Puyallup Tribal News

Tribe schools teachers on Indian affairs

(Photo by Steve Dunkelberger)

Representatives from the Puyallup Tribe met with history and civics teachers in Fife schools last week to work with the teachers to fix any misconceptions they may have about the Tribe and its history and culture.

The idea is for Fife schools to cover a wider range of Native American issues outside of the usual curriculum and to bring instruction to include modern Indian activities and issues. Puyallup Tribe and Fife Schools recently entered into this educational venture and it’s showing to be very successful.

“We’re trying to help teachers not view our Tribe’s history, or any Indian education, as scary and foreign. We’re here to have it taught correctly,” said the Tribe’s Historic Preservation Outreach Specialist Jennifer Keating Hallberg.

The district seems grateful for the opportunity. “What we have are some bits and pieces,” said Suzanne Shade, the district’s elementary school curriculum director, noting that many grade-school classes celebrate the start of the salmon runs in the fall but don’t cover Indian issues much after that. “What we want to do is put all the pieces together.”

The district has developed a roster of books and materials on a host of Native American topics for teachers of all grades within the district, as well as works to promote Washington State Office of Public Instruction’s “Since Time Immemorial” project that provides web based videos, curriculum and teaching materials concerning the 29 federally recognized tribes in the state. The site is designed to be scalable so teachers can spend a few hours or several weeks on specific issues, depending on the age of the students and the focus of the class. It also offers suggestions to engage local tribes in their studies.

While the effort to include more Indian issues in public schools is new to Washington, it is farther along in other states. It has been mandatory in Montana for more than a decade, for example. In Washington, state law only recommends inclusion of tribal history in all public schools.

The drive by the Puyallup Tribe for getting its culture and issues in the classrooms more completely centers on the idea of filling the information gap between what people think they know about Indians and the historical facts around fishing and other issues facing the Tribe.

“We are helping these teachers as well as helping the kids,” said Jennifer Keating Hallberg. “People just don’t know.”

She said Tribal staff gives several free tribal history presentations a month to local schools and businesses to battle ignorance about Native American issues and culture.

One of the issues addressed, for example, was tribal fishing rights since fish play such a vital role in the Tribe’s culture and household economics.

“This was, and continues to be many Tribal members’ livelihoods,” she said. “(Tribal members) were beaten, maced and arrested for fishing to feed their families” during clashes with police and state agencies in what has been called the “fishing wars” era of the 1960s and 1970s.

That era pitted Washington state officials against the federal government in much the same way as the Civil Rights battles in many Southern states. State agencies wanted control over the fish management and quotas while the federal government and tribes successfully argued that tribes had the right to an equal share of the harvest and in the role of fisheries managers. Much like during that anti-segregation struggle, federal agencies were battling Washington agencies and politicians over the enforcement of court orders concerning fishing rights outlined by treaties already in place.

“It was a very dramatic time,” Puyallup Tribal attorney John Bell said.

State agencies wanted control over the fish management and quotas while the federal government successfully argued that tribes had an equal share.

Another issue discussed was how tribal lands and government allotments were taken from Puyallup people. Common methods included trickery such as a non-tribal man marrying a tribal woman who owned land and then selling the property for his own gain or having himself appointed an Indian’s “guardian” only to then sell that Indian’s land for profit.
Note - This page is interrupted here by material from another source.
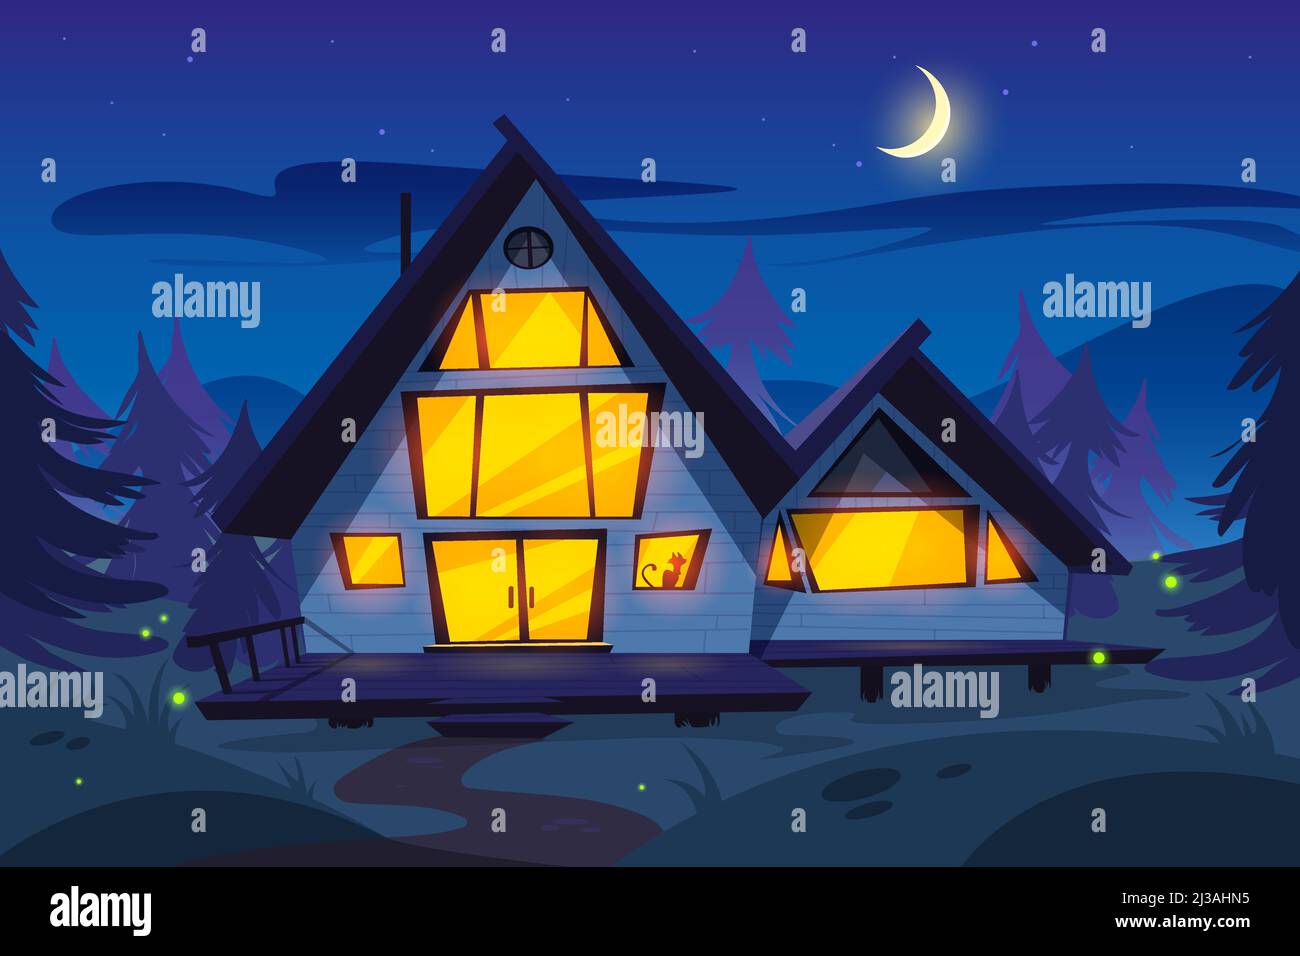 Ilustración de la casa de dibujos animados en la noche

Historically accurate classroom lessons on these issues and more are working their way into Fife schools this year, while nearby Tacoma School District works on a similar track of classes.

David Syth of the Crow Nation is the Indian education coordinator for Tacoma schools and handles both cultural issues facing Native American students in public schools as well as educating non-tribal students about Indian issues.

“My goal is to have something in every building,” he said, noting that he makes sure teachers know about resources and materials available to them as well as coordinates special projects and presentations around the district. “I think we have grown a lot.”

Teachers have web-based materials and a roster of speakers at the ready to cover Indian issues in their classrooms. The challenge, David Syth said, is not teachers unwilling to add Indian enrichment to their lessons but the issue of teachers already being overwhelmed with just trying to keep up with the ever-increasing mandates and not knowing about lesson plans already available to them.

“It is about letting teachers know that these resources exist,” David Syth said.

People can view the classroom material for their own education by visiting: www.Indian-Ed.org.